TASK DETAILS:
From the line with "Tilt swivel and adjustable base works great." through the line with "Adjustable seat height from: 18.90", inclusive, return each line of the data below exactly and leave the rest out.

---------- RAW DATA ----------

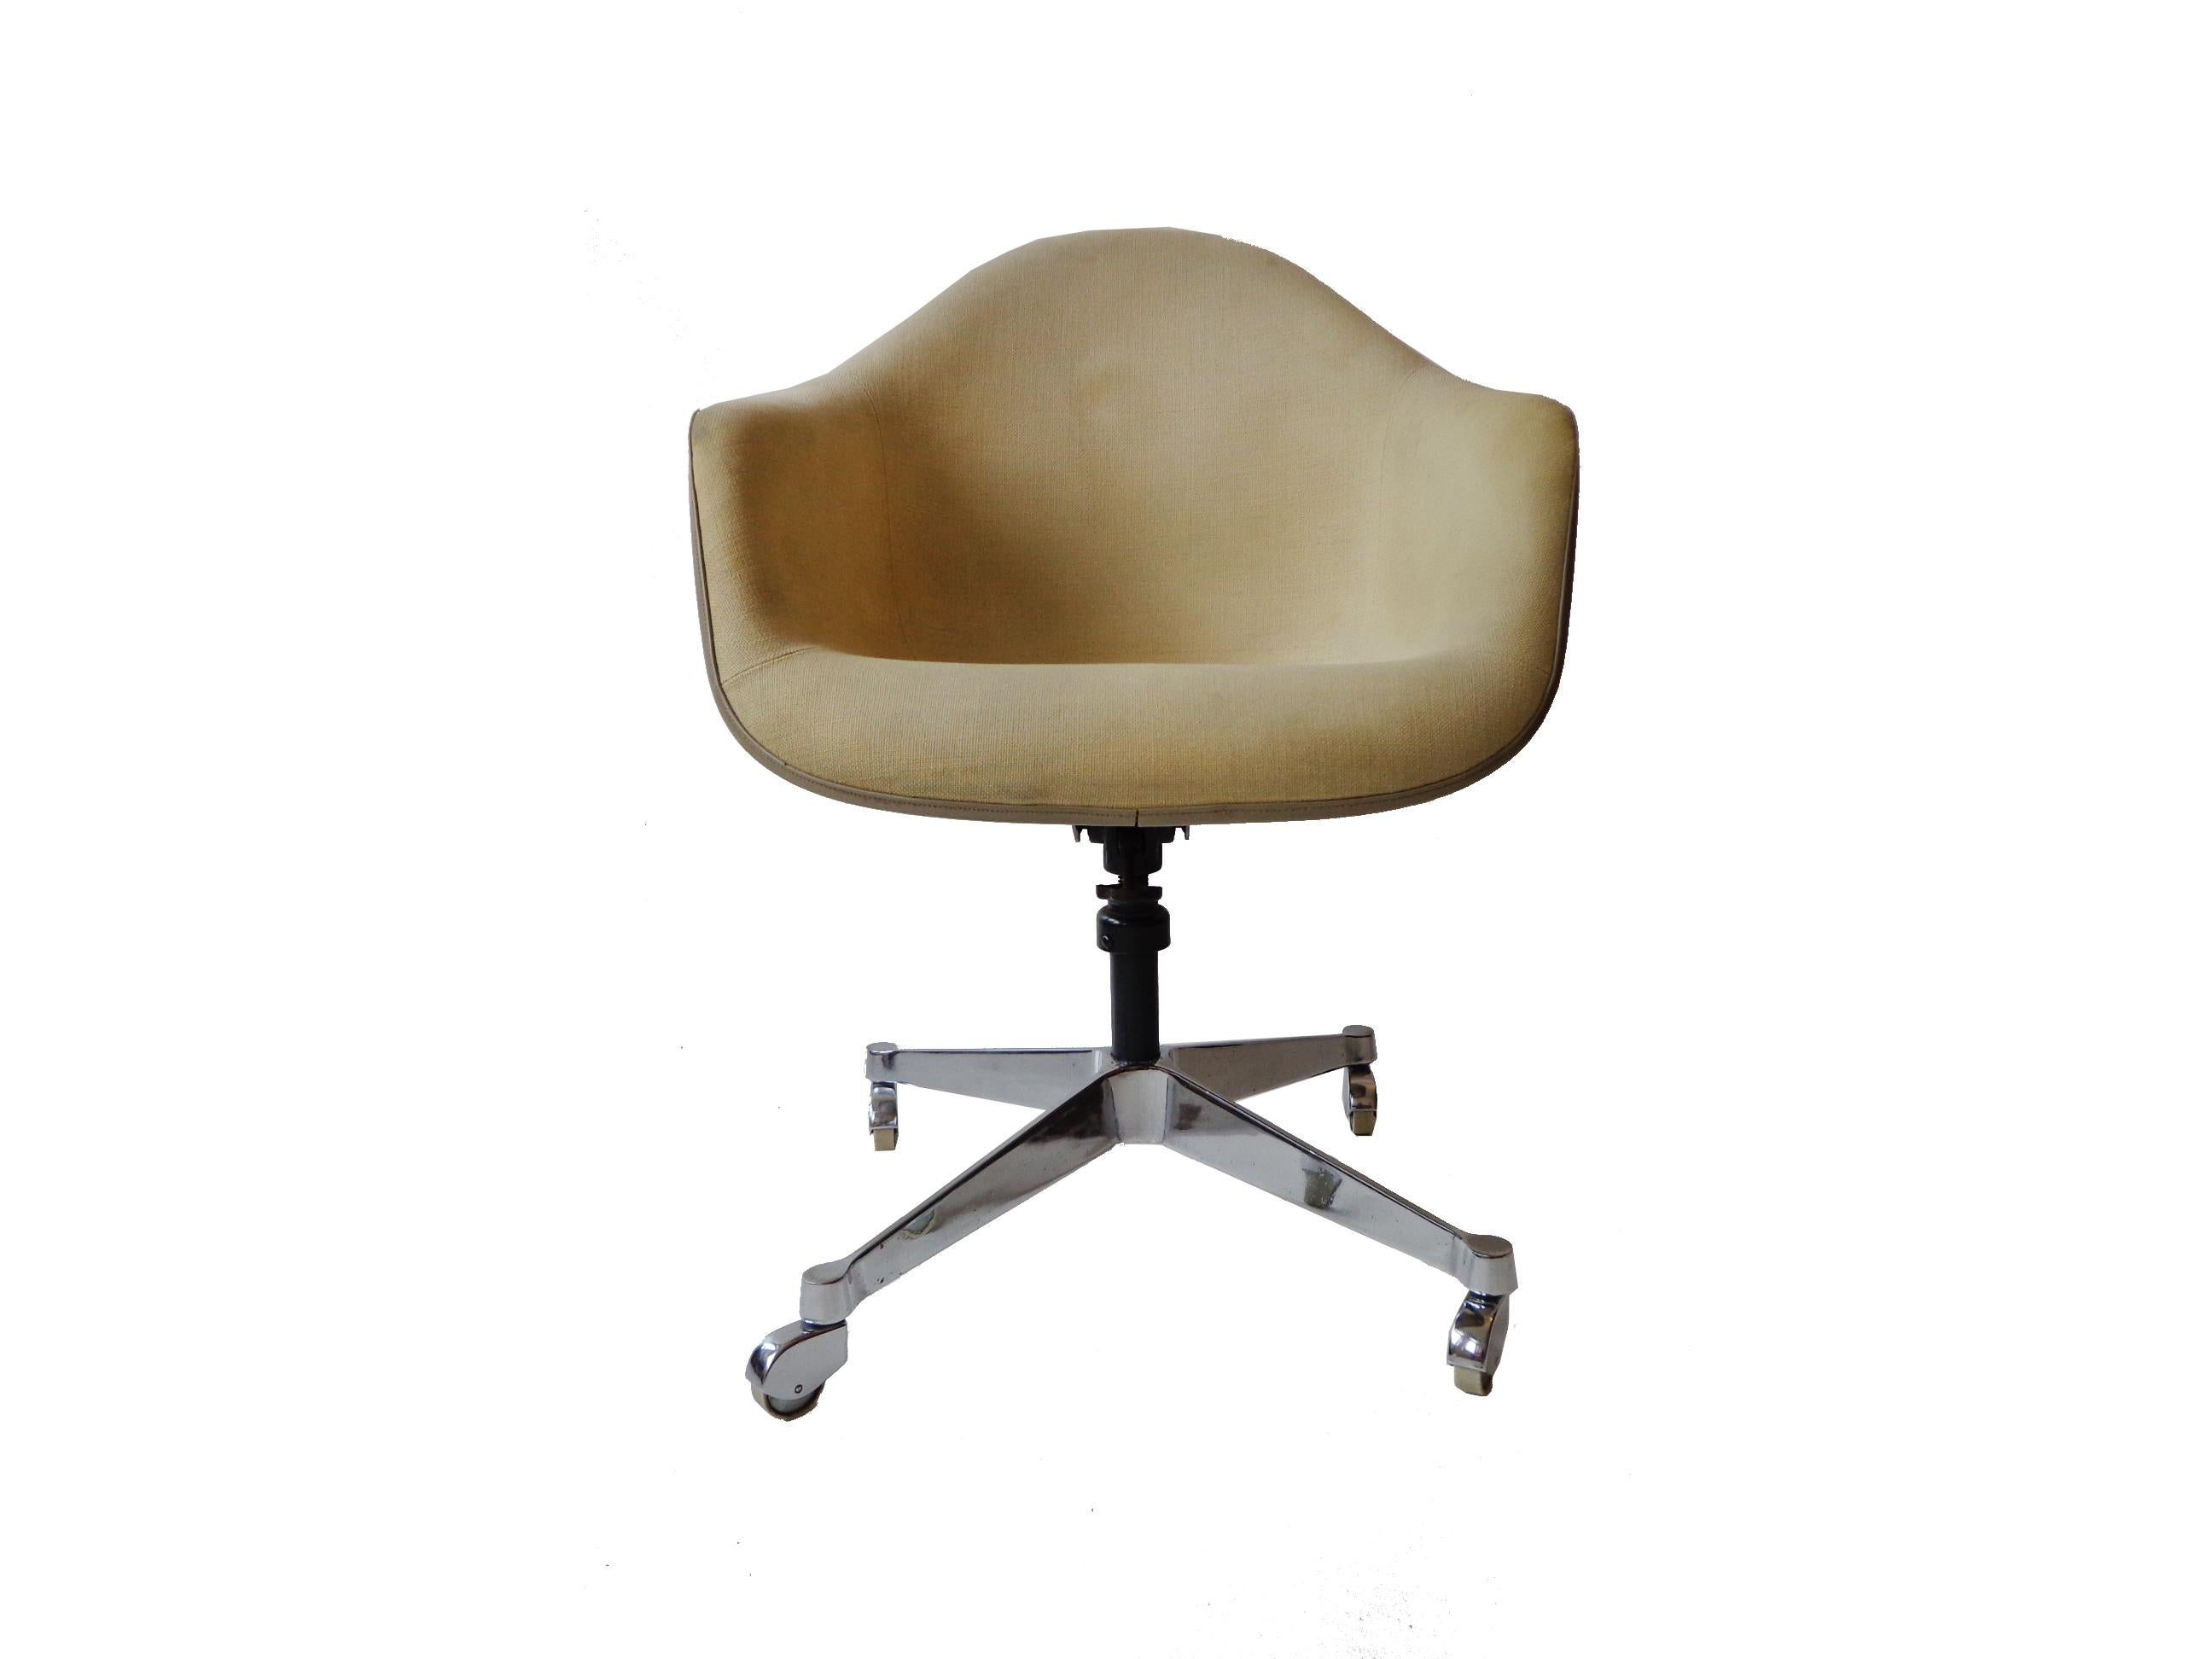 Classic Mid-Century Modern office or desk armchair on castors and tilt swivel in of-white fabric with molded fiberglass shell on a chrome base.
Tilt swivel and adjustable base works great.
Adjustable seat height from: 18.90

----------
---------- RAW DATA ----------

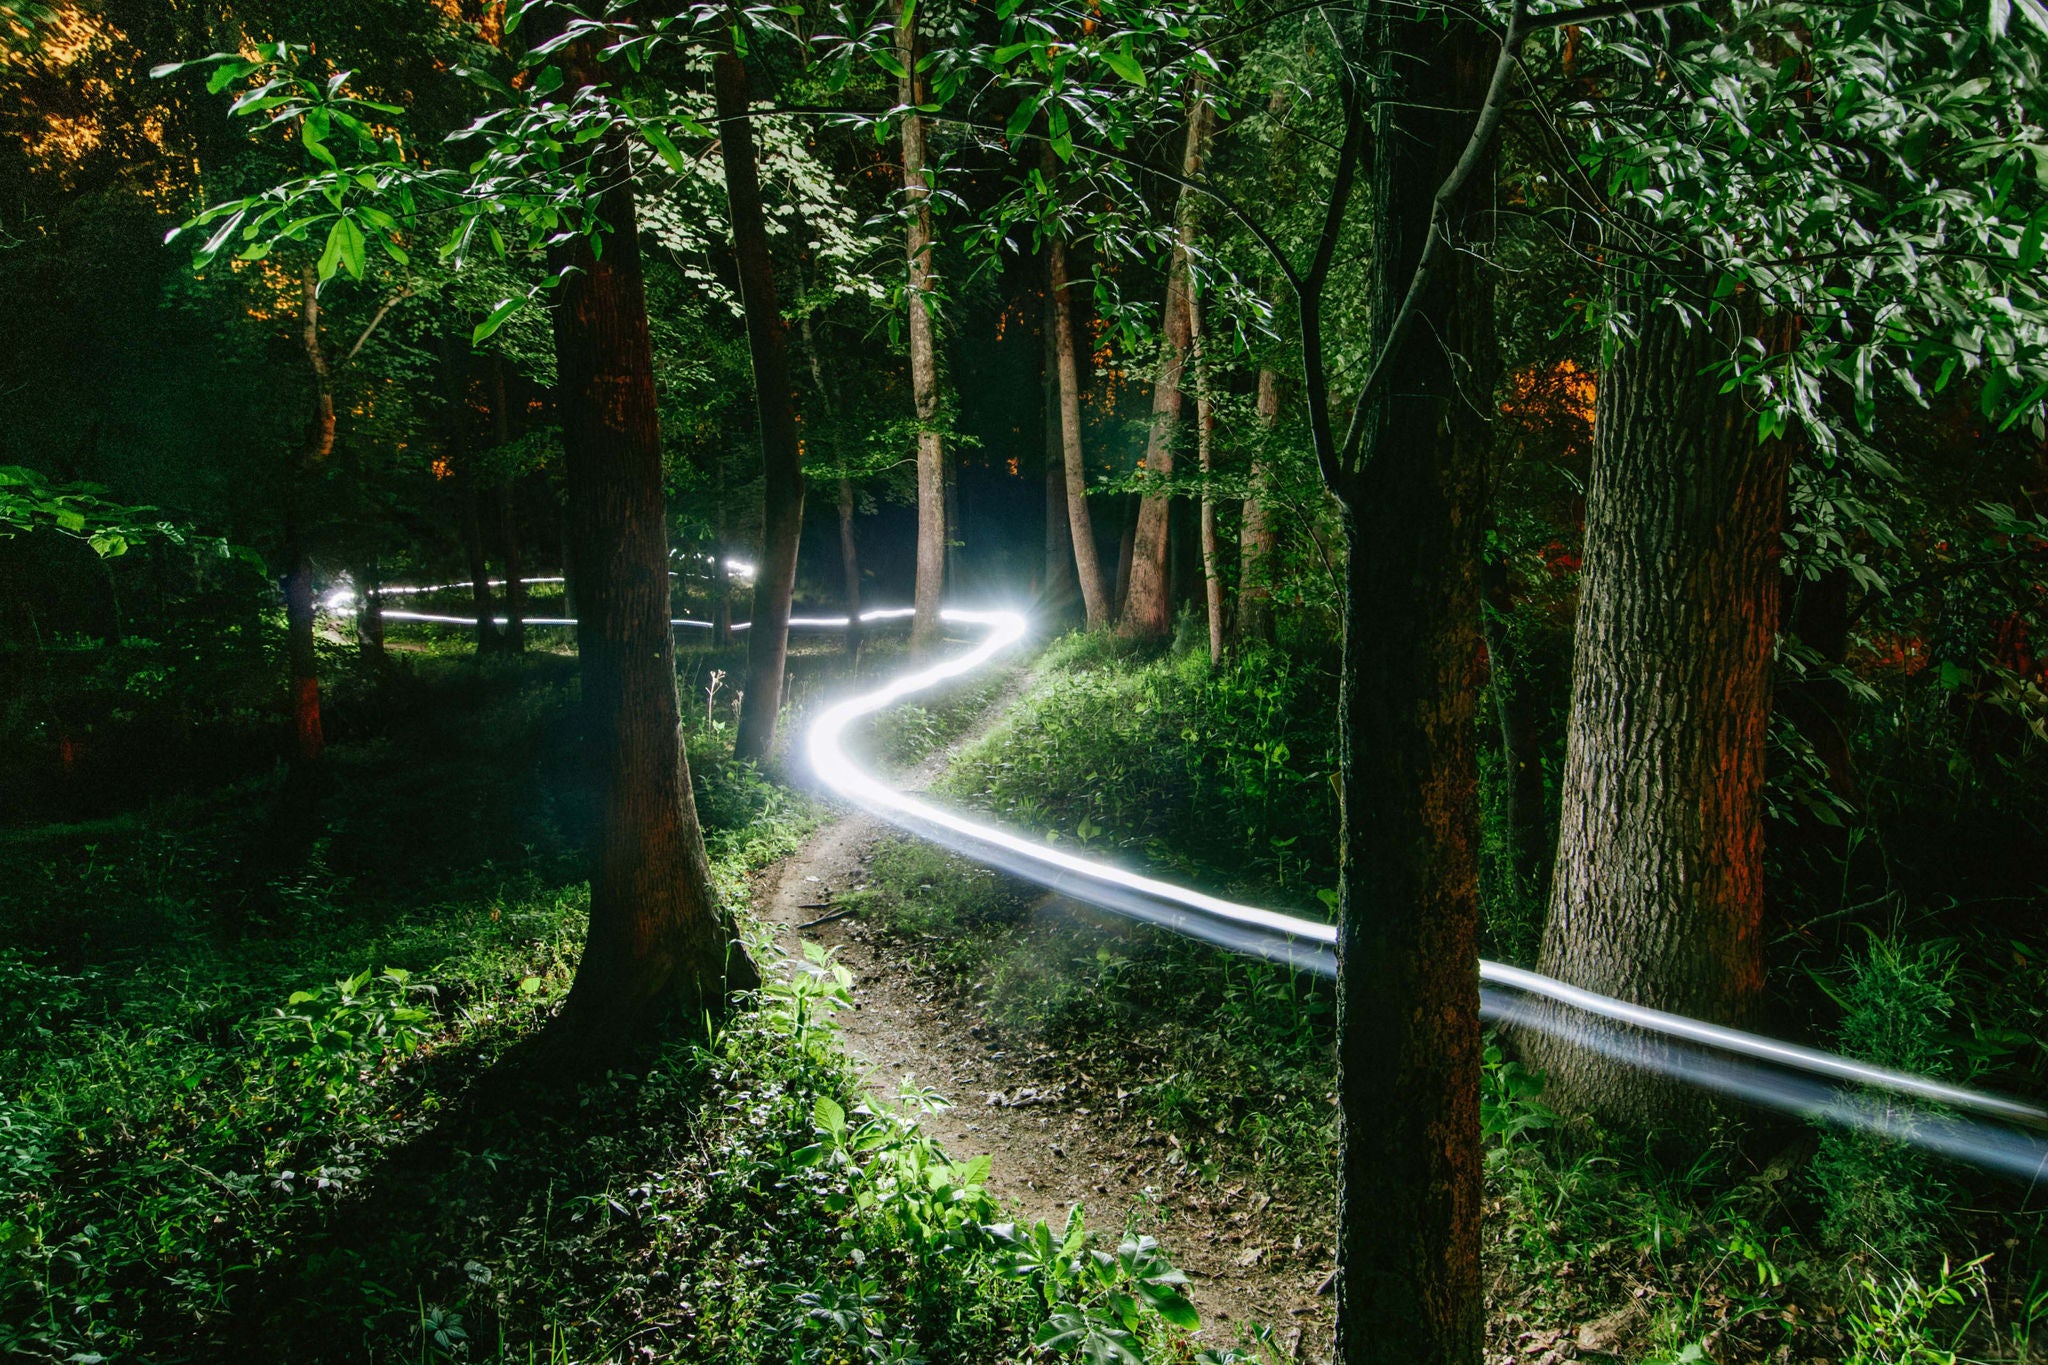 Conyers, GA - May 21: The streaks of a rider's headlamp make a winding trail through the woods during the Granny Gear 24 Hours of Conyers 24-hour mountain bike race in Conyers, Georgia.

----------

TASK OUTPUT:
Tilt swivel and adjustable base works great.
Adjustable seat height from: 18.90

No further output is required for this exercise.